▸ Problem to work on
The full listing is to be transcribed exactly, with each picture left out.

▸ Given data

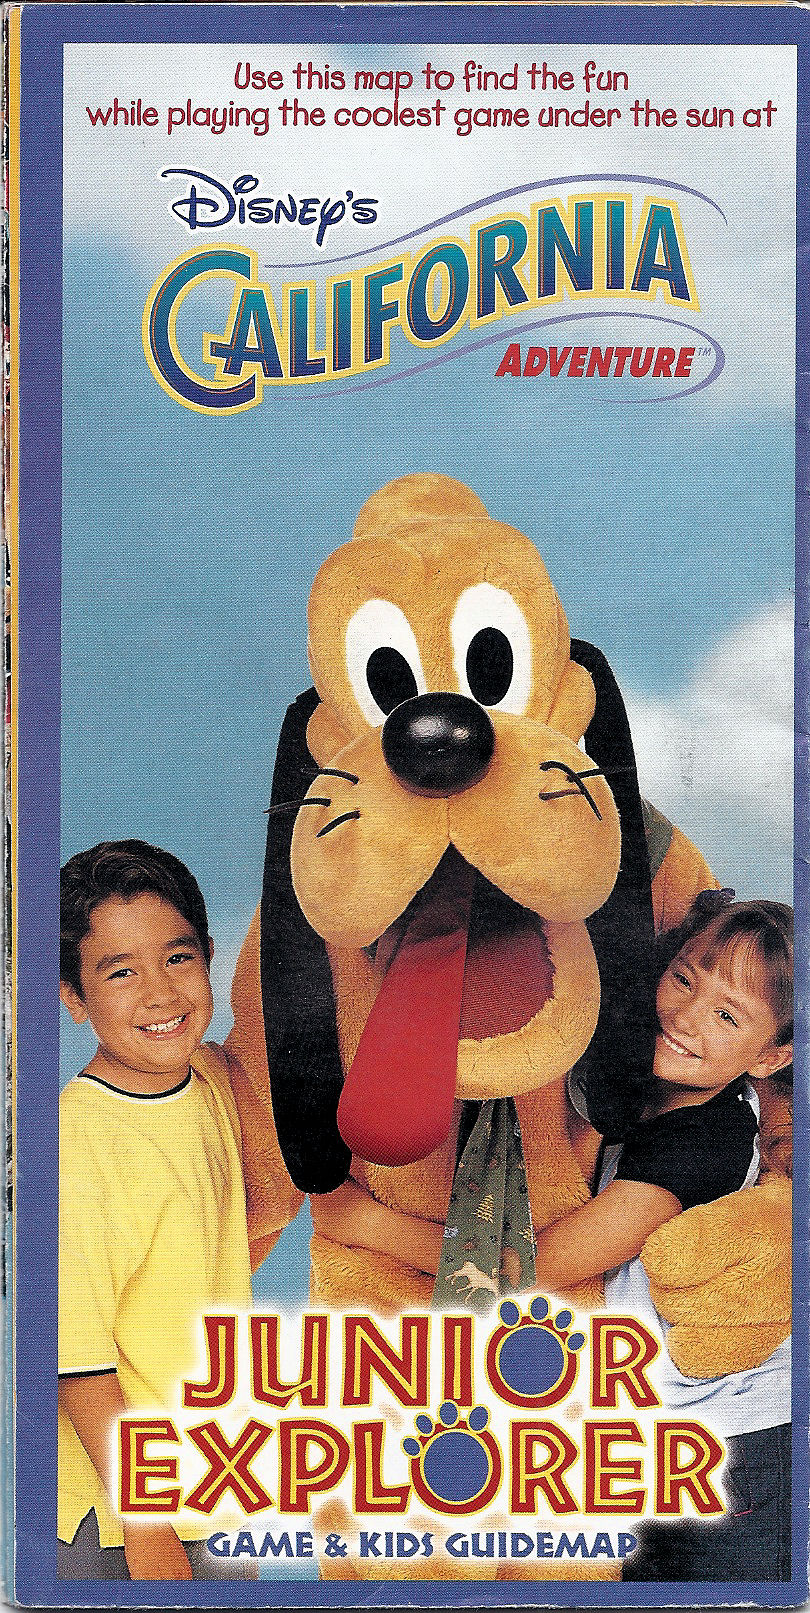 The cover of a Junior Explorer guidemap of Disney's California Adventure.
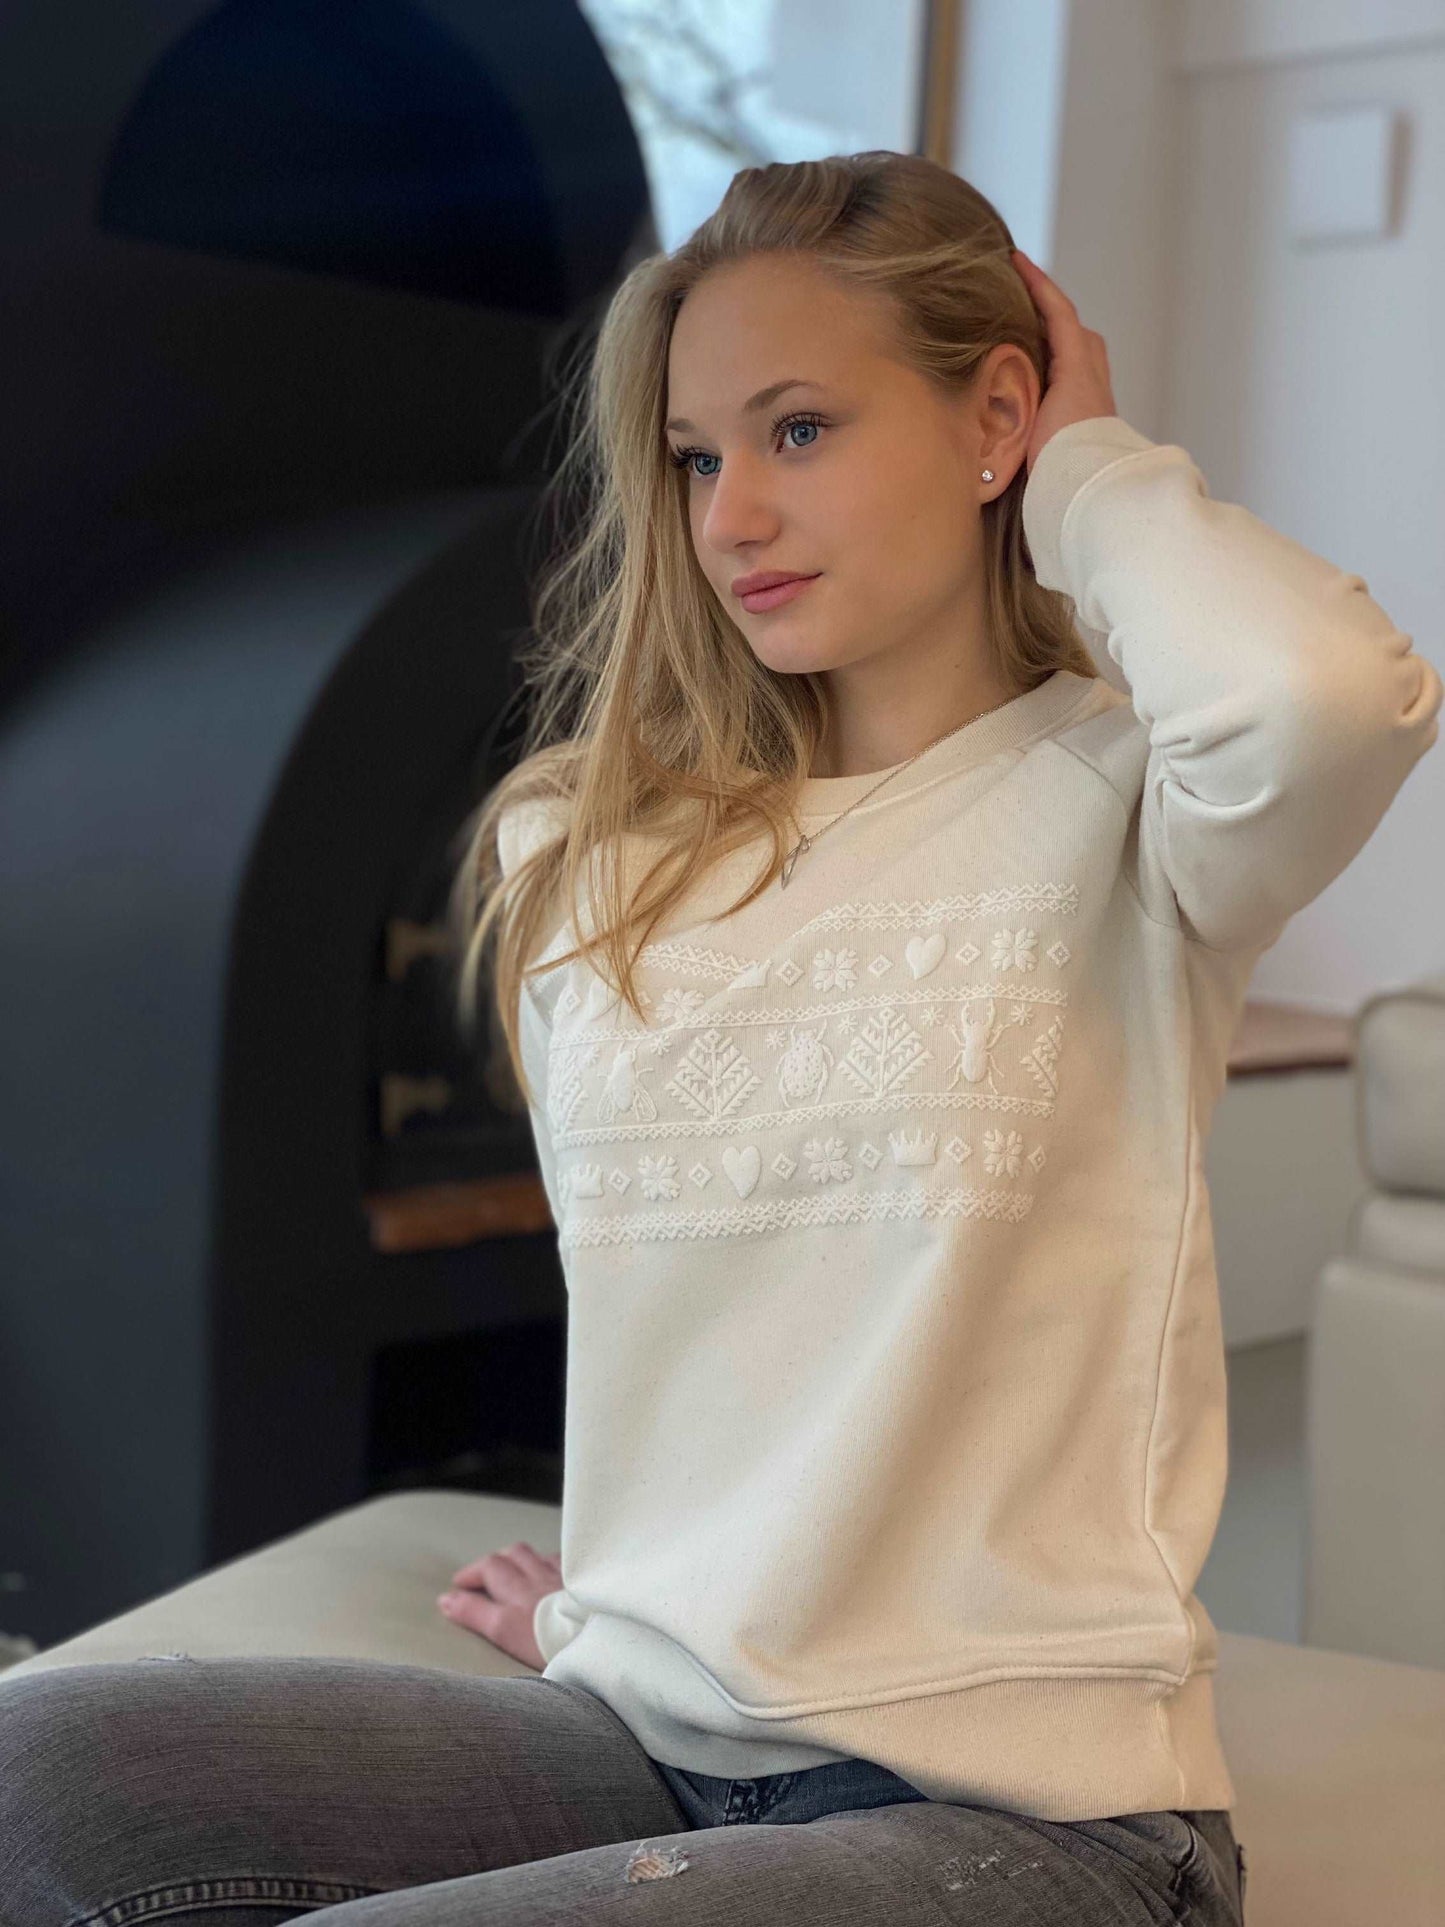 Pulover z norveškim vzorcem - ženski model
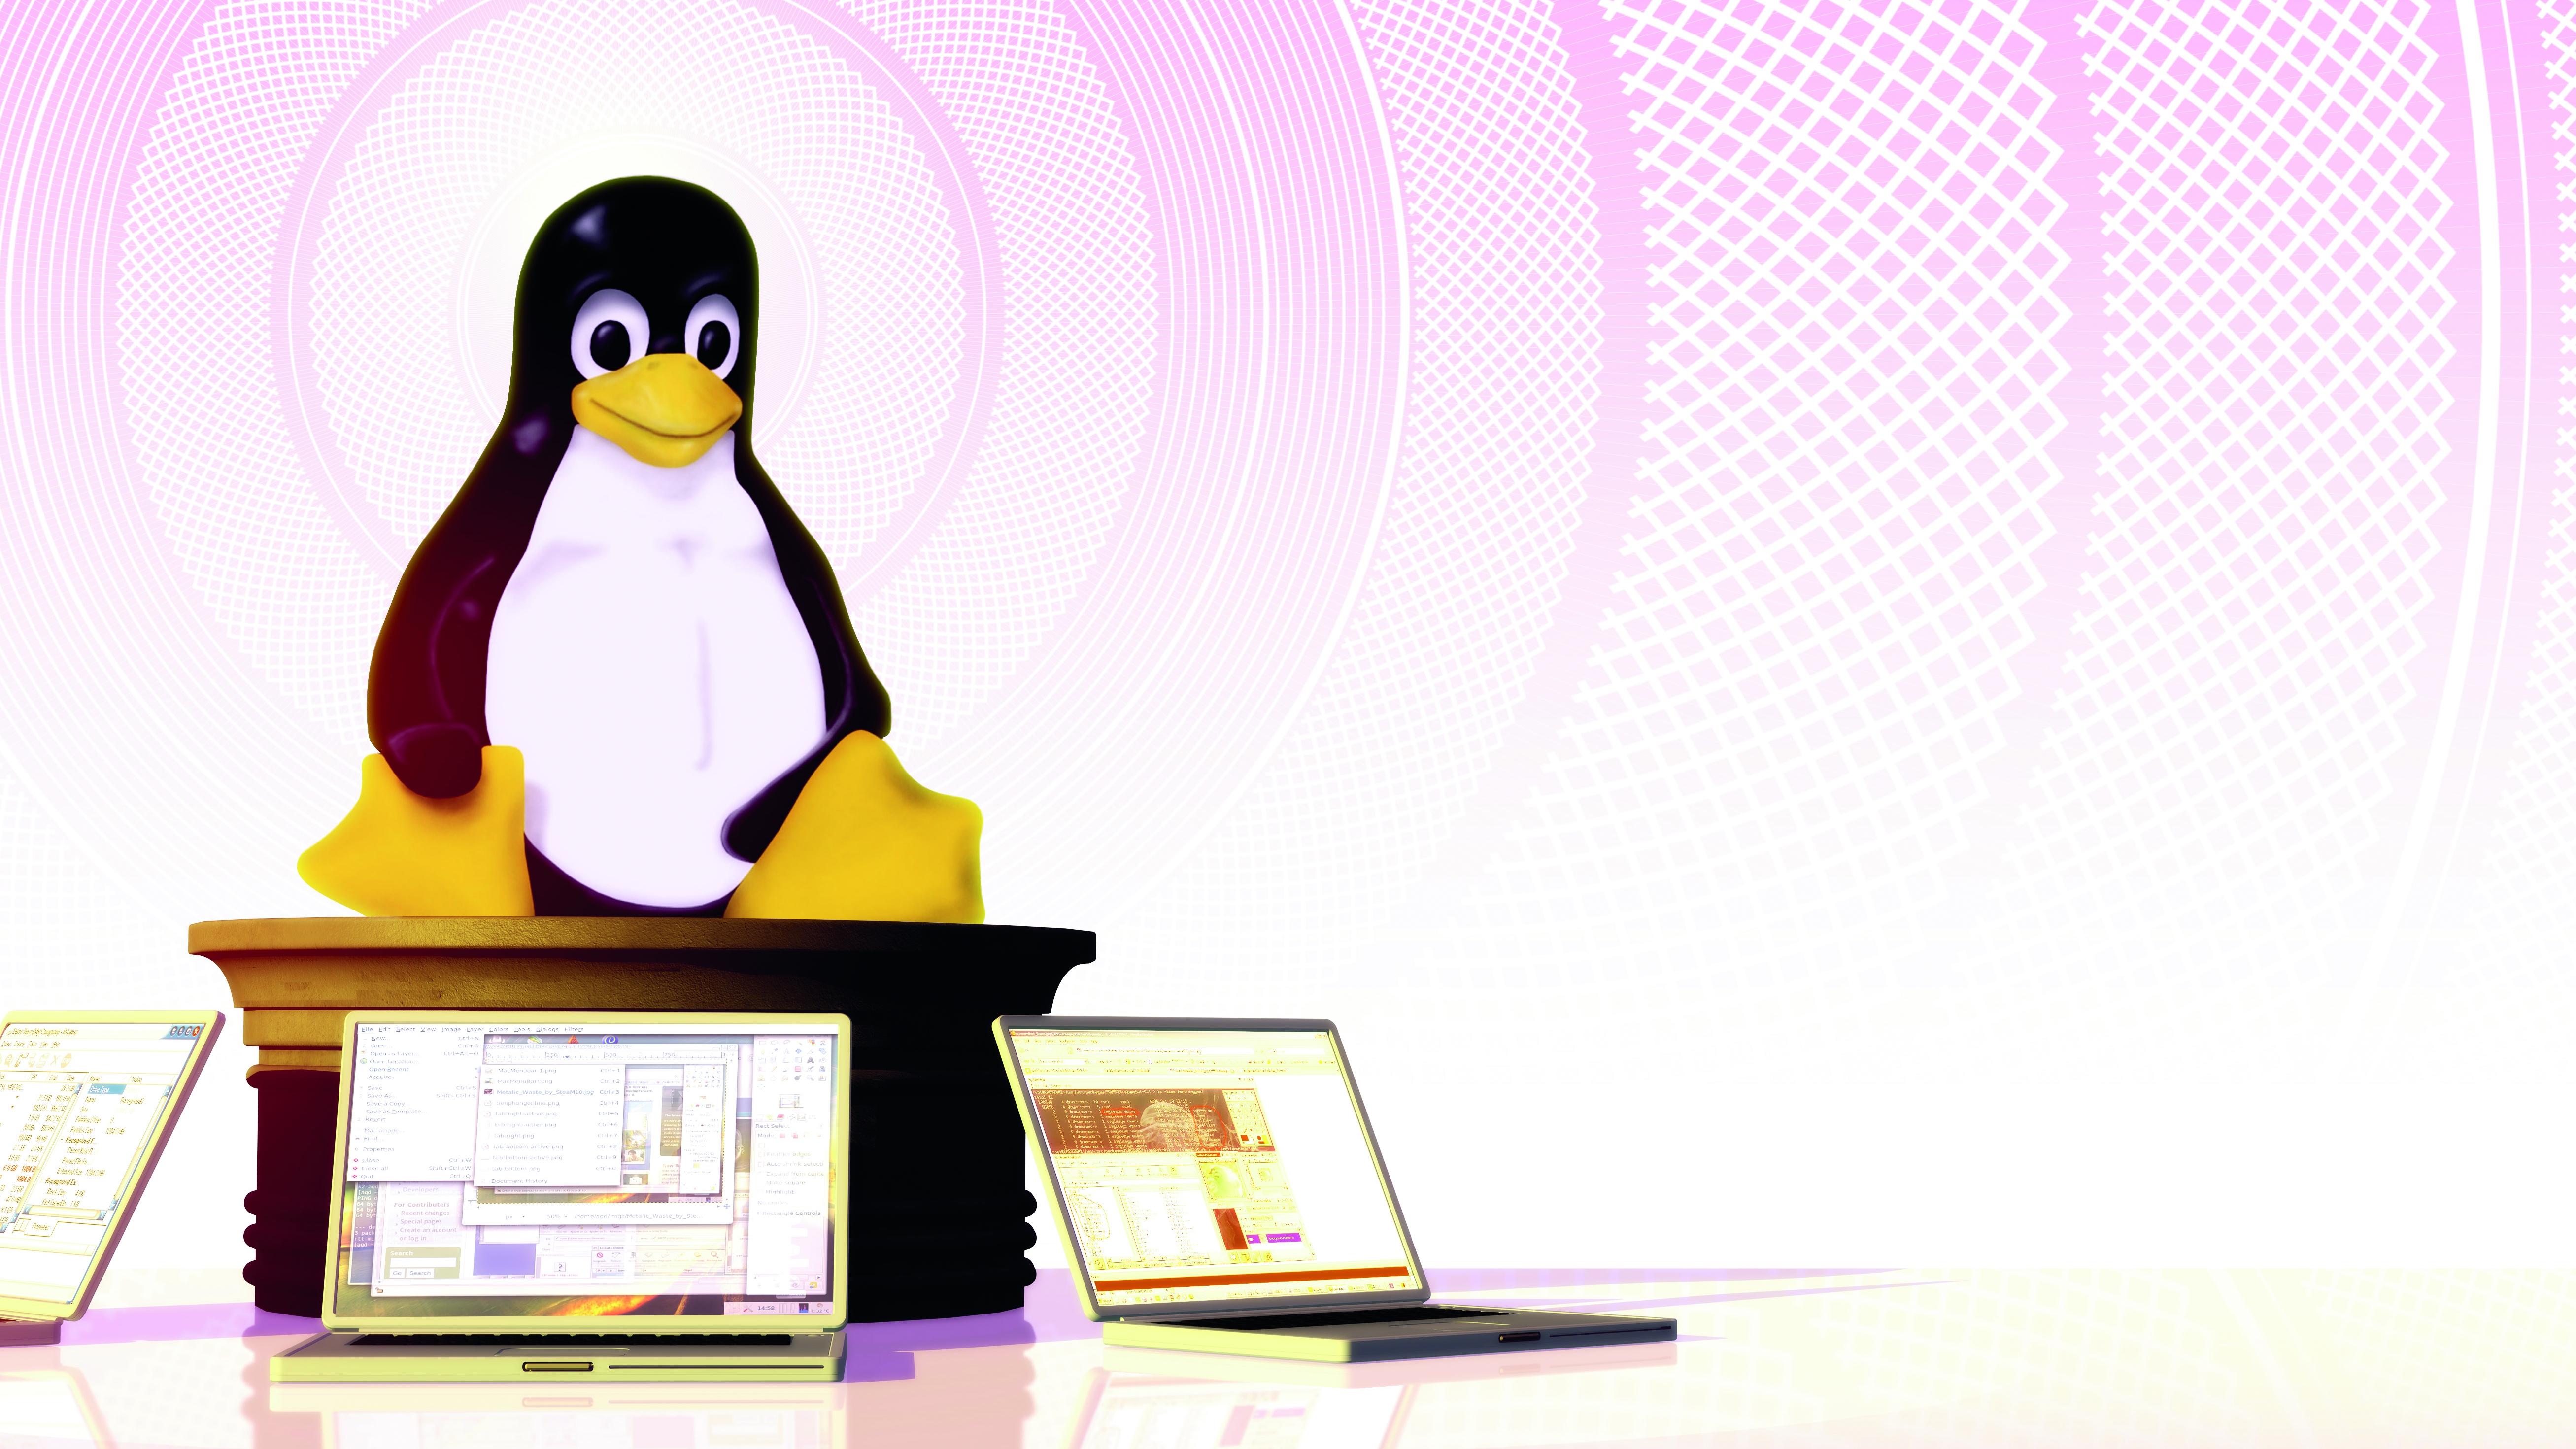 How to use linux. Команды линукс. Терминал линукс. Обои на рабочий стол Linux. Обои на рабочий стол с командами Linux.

▸ Answer to the exercise
 The cover of a Junior Explorer guidemap of Disney's California Adventure.
 Pulover z norveškim vzorcem - ženski model
 How to use linux. Команды линукс. Терминал линукс. Обои на рабочий стол Linux. Обои на рабочий стол с командами Linux.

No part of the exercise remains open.